The Red Sparrow Atomic Blonde problem
Red Sparrow should be seen – love it or hate it – because it’s an albatross, a Hollywood film that cast major stars (Jennifer Lawrence, Joel Edgerton, Jeremy Irons), found major studio backing, and breached the exploitation genre at your local multiplex. I’m quite sure the film will continue to inspire both awe and ire among critics and viewers. That Red Sparrow draws from so many different sources of inspiration should eventually lead to at least a re-evaluation of the film among genre fans.
This is not the world Atomic Blonde, the film I believe most viewers anticipated when buying a ticket for Red Sparrow. Lacking a 1980’s gloss, familiar chart-toppers or a cathartic release in the trappings of action cinema, Lawrence’s film relies on low-lying suspense (and a subtle but effective score from James Newton Howard) – how is Dominika manipulating these men to extricate herself from this unwanted life? Likewise, the ending relies on a slight bit of misdirection, but one I found quite satisfying in light of the torture and degradation she suffers along the way. Where Atomic Blonde is a mildly amusing pop-culture pastiche, Red Sparrow digs deeper into genre and unsettling imagery that plays like a minor-key Female Prisoner 701 and forces us to consider the more unsavory baggage that goes along with the male gaze in cinema.

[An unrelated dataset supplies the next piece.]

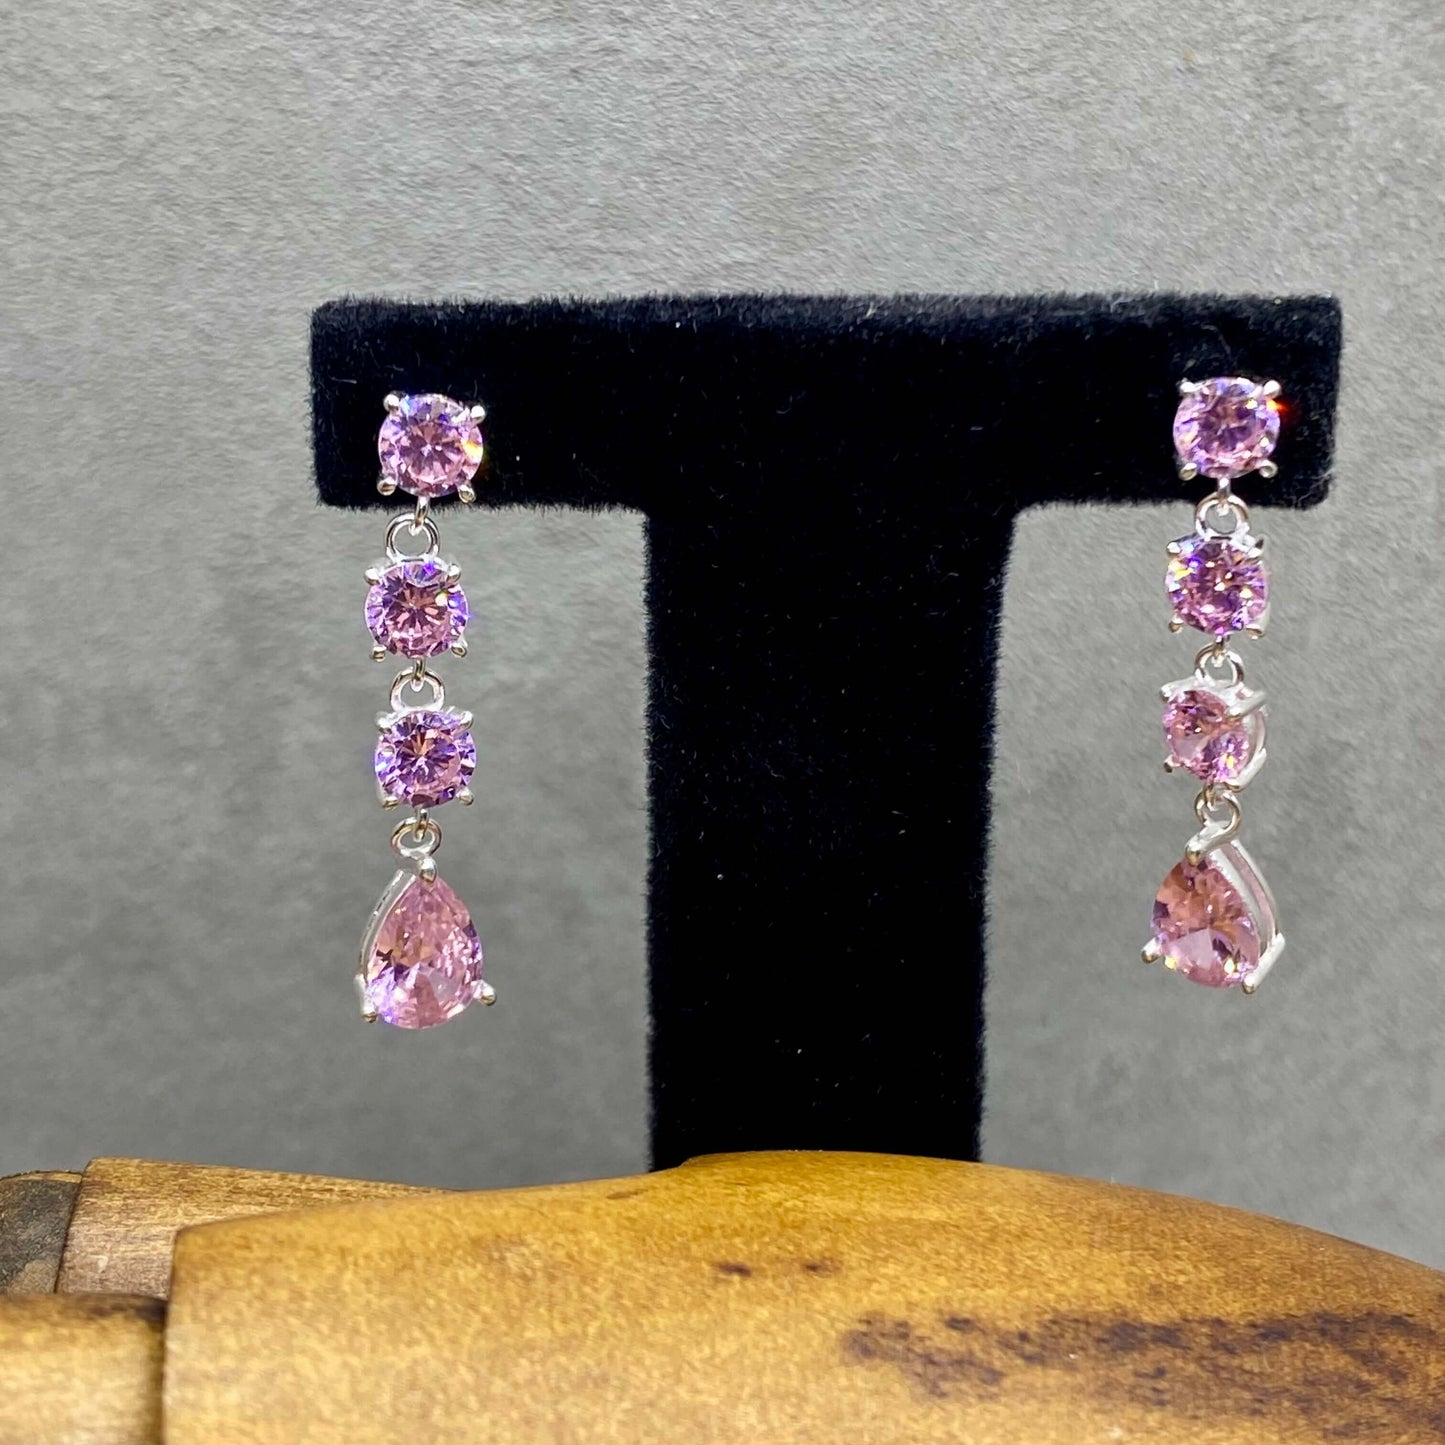 Vibrant Pear Cut Pink Zirconia Drop Earrings - Twelve Silver Trees

And what of Francis Lawrence’s ultimate success in handling the material? The opening ballet sequence teased hints of Kubrick – prolonged dolly shots, slow camera movement, long takes. Having just recently watched A Clockwork Orange again for the Cinema Shame podcast, I couldn’t help but note similarities between the way the films were shot, but also the handling of rape, sexual perversion and violence against women.
Critically wayward
It’s no profundity to suggest that Kubrick handled it with far more nuance, but Lawrence offers a measure of competency. Though not a full recommendation, I’ll call them accolades with reservation. Despite the graphic nature of the film, it still relies on an espionage framework most associated with a John le Carré spy film – plodding realism, miles of subtext, and conversational narrative advancement – and this is where Lawrence succeeds. This pacing will automatically turn away a broader audience. The director succeeds at building tension while withholding precise character motivations. We can never truly believe Dominika’s commitment to an individual state because her only true allegiance lies with her ailing mother.
So who’s left that’s willing to meet this movie on its own terms? It’s no surprise to me that Red Sparrow’s well on its way to becoming a box office dud. Critics, social media, expectations of another Atomic Blonde, Jennifer Lawrence (who’s quite good, by the way) all discouraged the film’s potential audience. The controversial and cold nature of the sexuality on display. Gaping wounds? Bone screws? Jennifer Lawrence spewing nonsense in the press about her boobs, pouring lighter fuel over the incendiary reviews and undermining the strongest elements of the film? More dissuaded viewers.
This is a patient and occasionally plodding espionage film with controversial exploitation elements that, while imperfect, do add something to the cinematic conversation of violence against women. But this is not mainstream cinema, no matter the flash or pedigree. This is a movie that presents itself as an outsider commenting on and referencing the genre from within. Red Sparrow does not court complacency; it wants to rattle cages. The violent reactions for and against the film show that it was at least successful in that regard. It deserves an audience because it is worth the conversation, no matter your ultimate perspective. Without this conversation, the next generation of Shunya Itōs may never find that balance of exploitation, artistry and nuance. Red Sparrow didn’t quite get there – but in the meantime I’ll celebrate its efforts and try to help it find the receptive, but critical audience it deserves.